# Optical Forums > Ophthalmic Optics >  Kryptok Blanks Cheking Method.

## sandeepgoodbole

In India,Glass (Crystal) Kryptoks hold  80-90% of the market of Bifocals.
The addtions written on the Blanks and the Covers by the manufactoresr many a times come out errornus after finishing.There is no way known over here which can detect the Accuracy and irregularities in side the 
Unfinished Blanks. Can anybody tell me if they have some sort of 
Non Destructive Testing methods, may be X ray , Ultra sound or infrared which can test unfinished blanks.

----------


## Rich R

How about using the lensometer to check add power, if the semi finished blank is not to opaque, just check dist power first than the add, subtract first reading from second should give accurate add power.
Rich R

----------


## shanbaum

It must be the case that the blanks can't be read through a lensometer, or there wouldn't be a problem, would there?  If sandeep didn't know about lensometry (or how to check lens power without one, which also requires transparency), how would he know they're wrong after they're surfaced?

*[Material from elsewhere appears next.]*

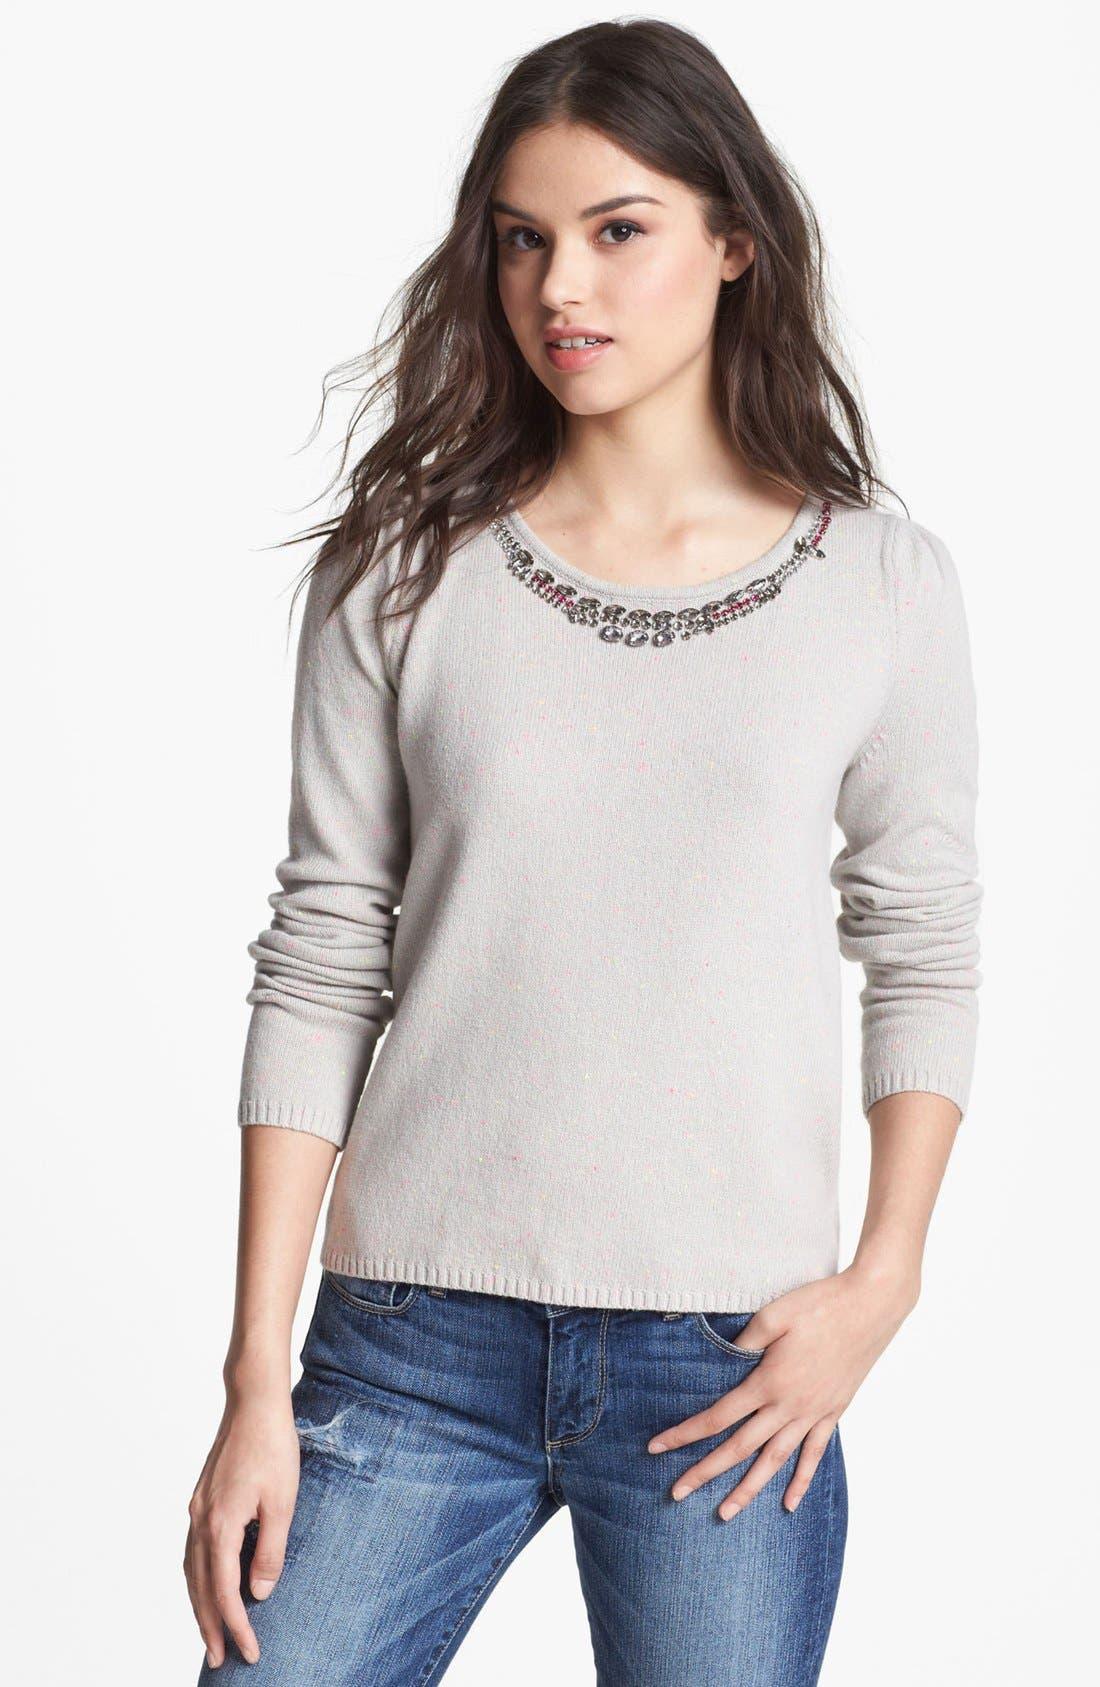 Alternate Image 1 Selected - Hinge® Jewel Embellished Sweater

It's an interesting problem...  I wonder if some method couldn't be devised by measuring the jump of a narrow beam of light (as from a retinoscope) as it crosses the edge of the seg?  It might be possible to measure that on the back surface, even if it's only translucent.

Maybe this will give Darris something worthwhile to do...

----------


## Steve Machol

If the back surface is too opaque, you might want to consider grinding and polishing them just enough to create a clear optical surface.  You can then check the add powers and repackage them accordingly.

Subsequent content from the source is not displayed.